Step 1: Understanding the Concept:
To determine the relationship between \( f(xy) \) and the product \( f(x) \cdot f(y) \), we evaluate both expressions using the given definition of the function \( f(x) = \sqrt{1 + x^2} \).
Step 2: Detailed Explanation:
Given \( f(x) = \sqrt{1 + x^2} \).
The product \( f(x) \cdot f(y) \) is:
\[ f(x) \cdot f(y) = \sqrt{1 + x^2} \cdot \sqrt{1 + y^2} = \sqrt{(1 + x^2)(1 + y^2)} \]
\[ f(x) \cdot f(y) = \sqrt{1 + x^2 + y^2 + x^2y^2} \]
Now, let's evaluate \( f(xy) \):
\[ f(xy) = \sqrt{1 + (xy)^2} = \sqrt{1 + x^2y^2} \]
We compare the terms under the square root.

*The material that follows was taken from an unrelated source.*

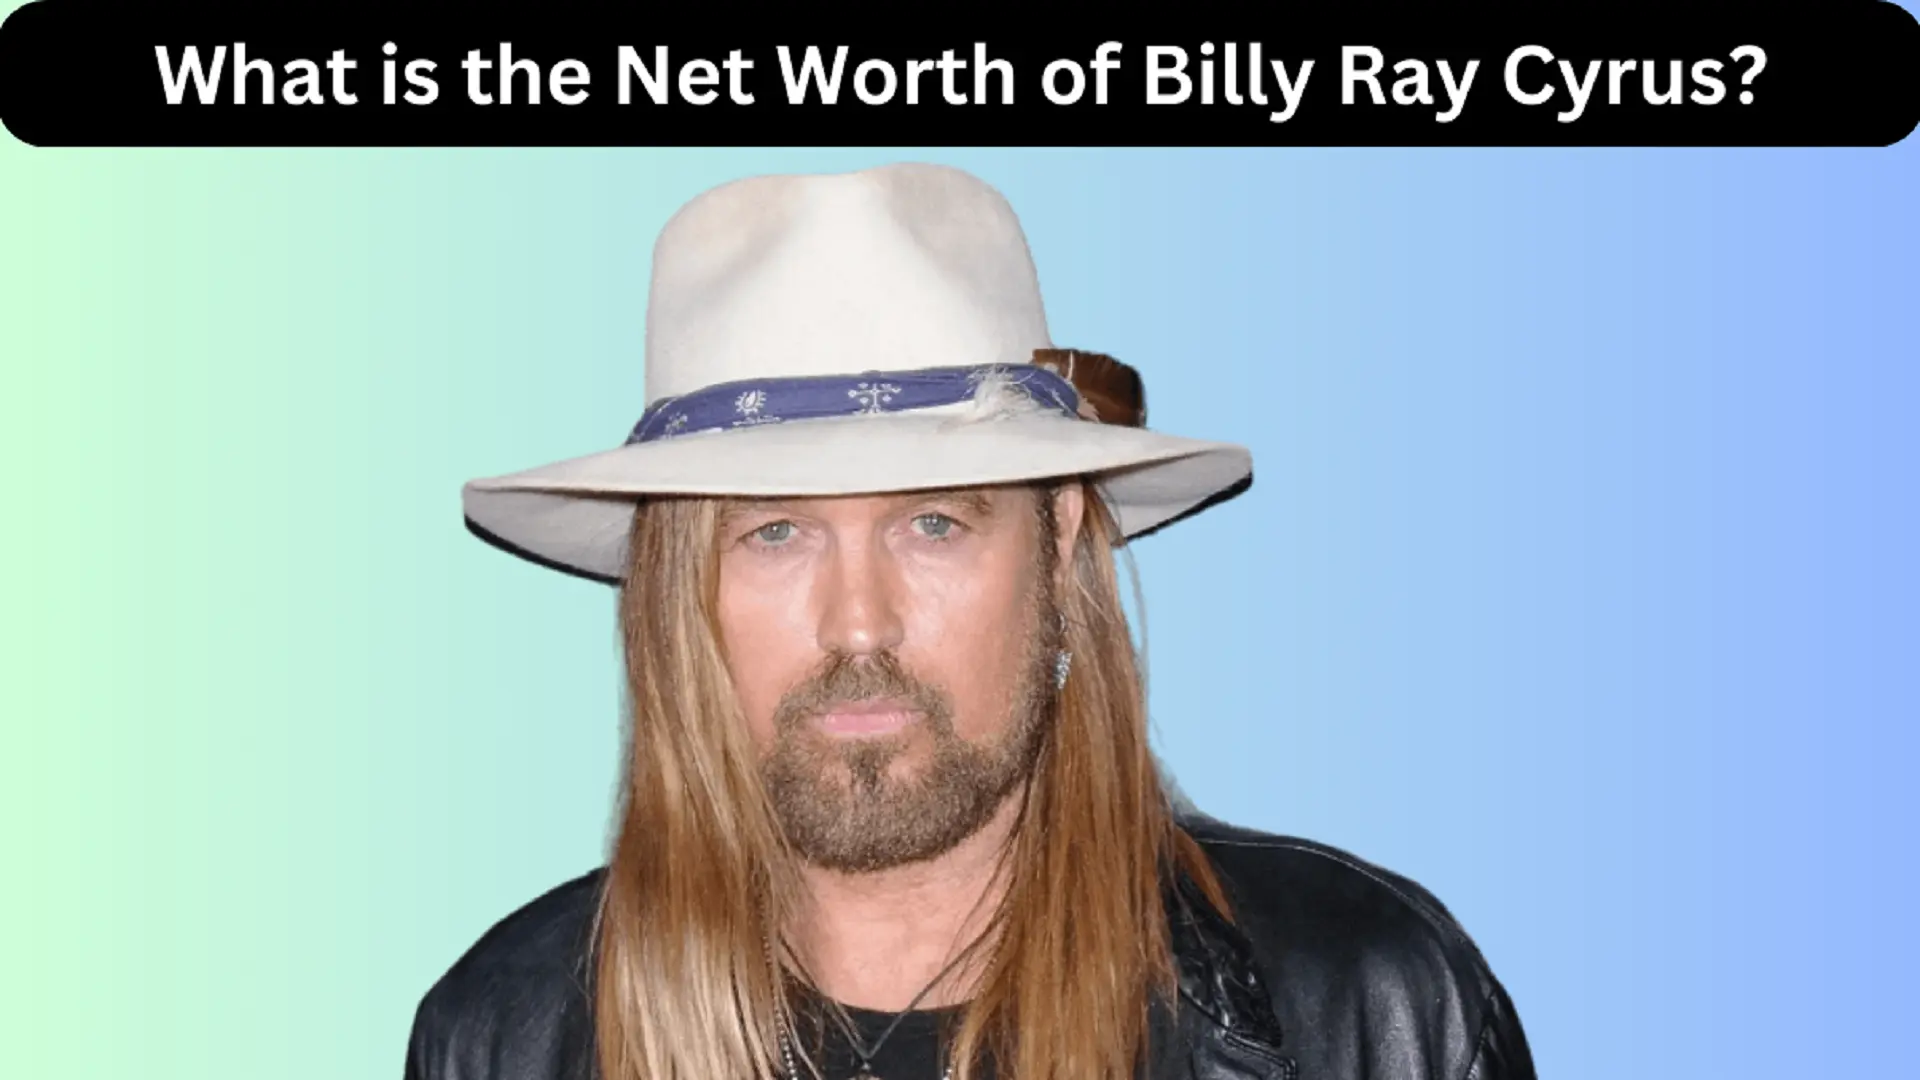 What is the Net Worth of Billy Ray Cyrus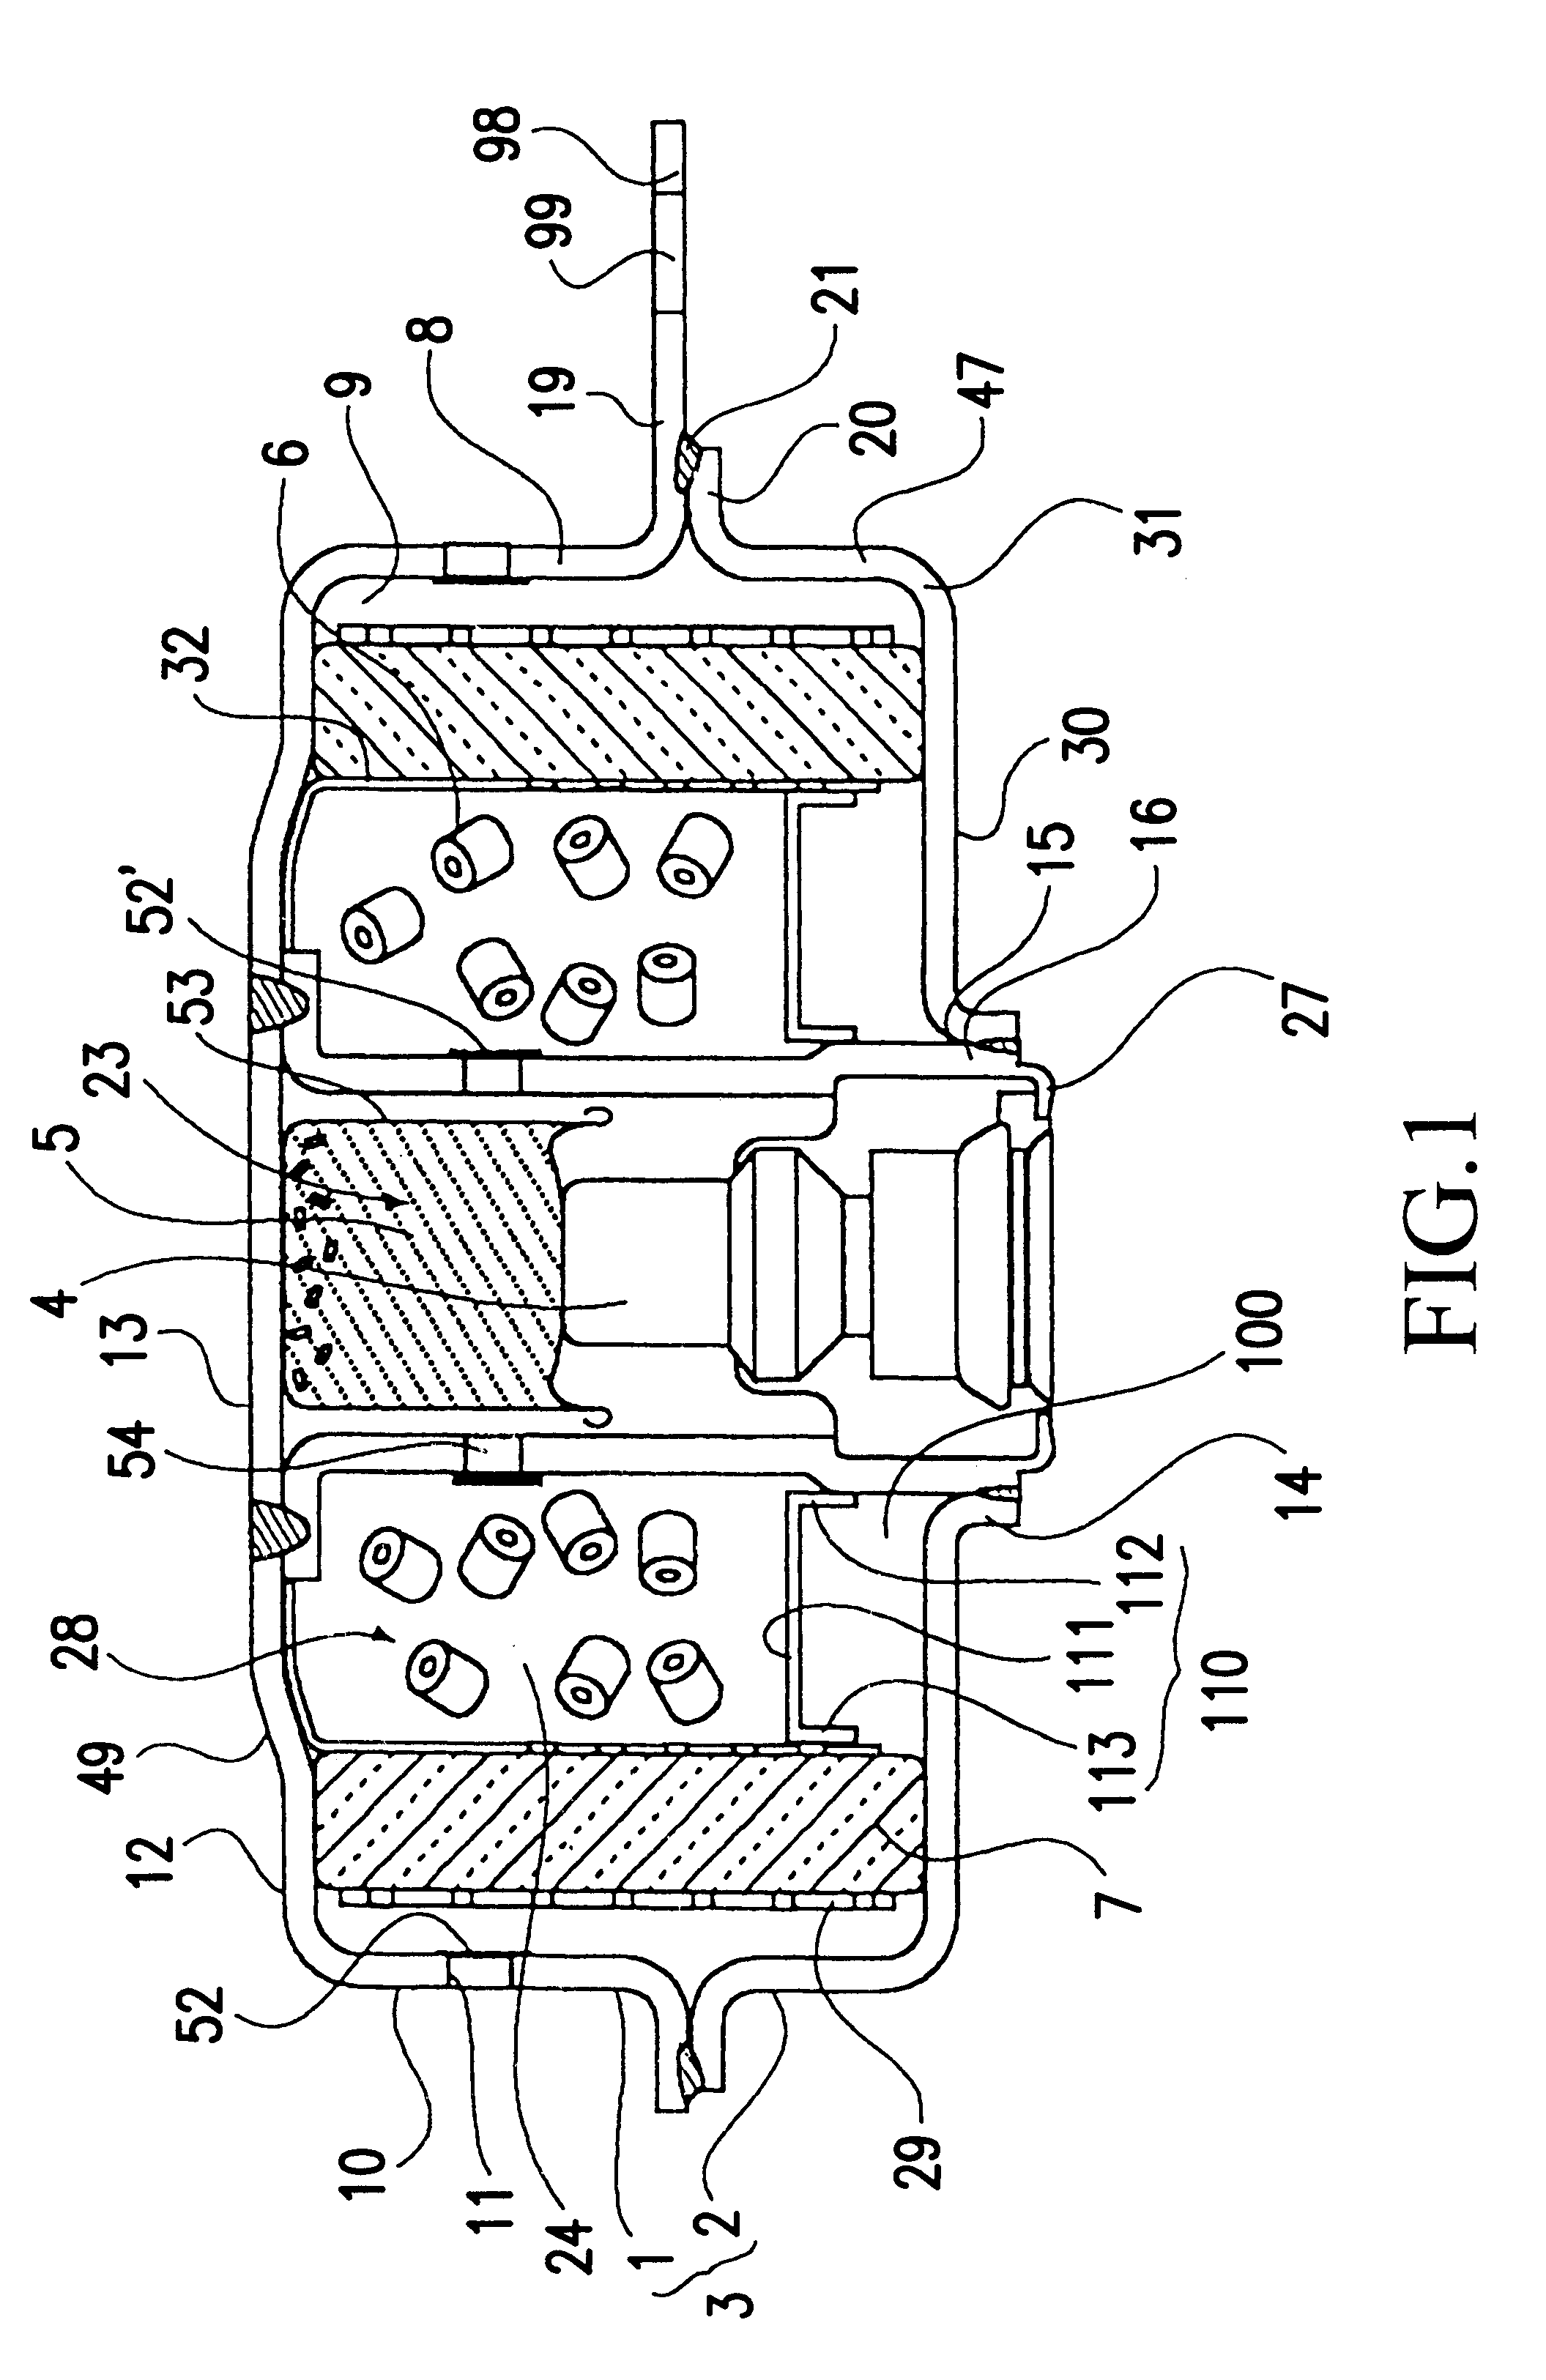 Airbag gas generator and an airbag apparatus

Since \( x^2 \) and \( y^2 \) are always non-negative (\( x^2 \geq 0, y^2 \geq 0 \)), we have:
\[ 1 + x^2y^2 \leq 1 + x^2 + y^2 + x^2y^2 \]
Taking the square root on both sides:
\[ \sqrt{1 + x^2y^2} \leq \sqrt{1 + x^2 + y^2 + x^2y^2} \]
\[ f(xy) \leq f(x) \cdot f(y) \]
Step 3: Final Answer:
The correct relationship is \( f(xy) \leq f(x) \cdot f(y) \).